Geo-redundant storage (GRS) stores 3 copies of the data in a data centre in one region, like LRS, but then asynchronously copies to another region (the paired region, most regions have one) and have 3 copies in a data centre there too. GRS offers durability for storage resources of at least 99.99999999999999% (16 9’s) over a given year. Read and write availability is at least 99.9%*.

Read-access-geo-redundant (RA-GRS) is the same replication method as GRS but you can read the data from the secondary region. This could have advantages from bringing the data close to the user scenario and means data can be accessed without having to initiate a failover, as would be the case for plain GRS (or GZRS). By adding read access to the secondary location, this increases read availability to at least 99.99%*.

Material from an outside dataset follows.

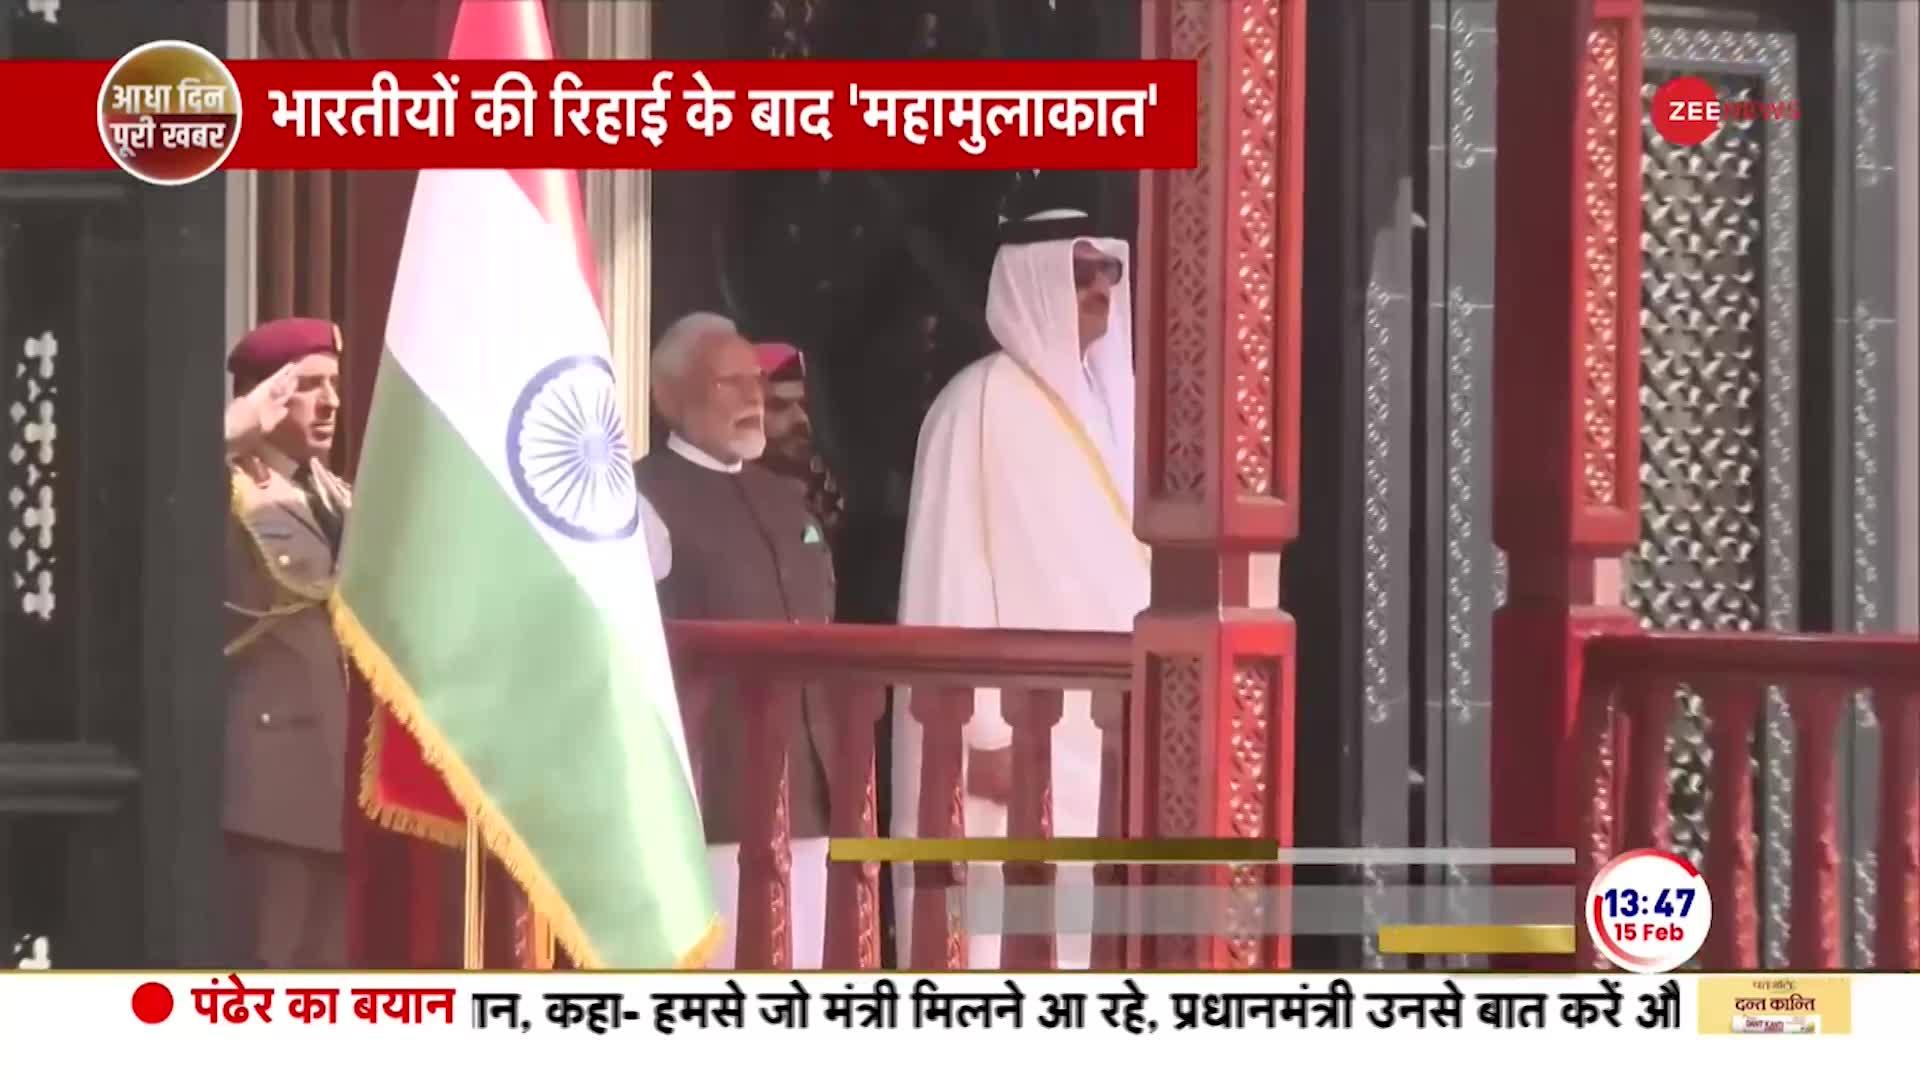 भारतीयों की रिहाई के बाद मोदी-तमीम की महामुलाक़ात | PM Modi Meets Amir Sheikh Tamim

Geo-zone-redundant storage (GZRS) as the same suggests is a combination of ZRS and GRS, where there are 3 copies of the data spread over availability zones in the primary region and 3 copies in a single data centre at the secondary location (LRS arrangement). The durability for this method is also at least 99.99999999999999% (16 9’s). Read and write availability is at least 99.9%*.

Read-access geo-zone-redundant storage (RA-GZRS) enhances GZRS by allowing read access at the secondary location without a failover. By adding read access to the secondary location, this increases read availability to at least 99.99%*.

For premium storage, only LRS and ZRS options are available due to the performance requirement. Azure managed disks and Azure elastic SAN also are limited to LRS and ZRS.

* 99% for cool tier.

Block blobs, append blobs, page blobs, queue storage, table storage and Azure file storage. What are the different storage types and when might I use them?

Blobs are stored in a security boundary called a container, where you can set access permissions. There are 3 types of blob: block, append and page. They can be accessed by users and client apps via http or https. There are multiple methods for access including via the Azure Storage REST API, Azure PowerShell, Azure CLI, or an Azure Storage client library which are available for a number of popular programming languages. Blob storage is a flat filesystem but can be made to emulate a folder structure by prefixing the filename with a would-be folder followed by “/” for example images/hello.jpg.

Block blobs are a popular storage type in any cloud provider. They are ideal for storing any unstructured files such as images, text, and video. Typically these will be used to host content for a website or app or streaming audio and video. Blobs can be as big are 190.7TiB.

Next is append blobs which are optimised for appends to files as opposed to random access writes – useful for things like logging. The maximum size for an append blob is slightly more than 195 GiB.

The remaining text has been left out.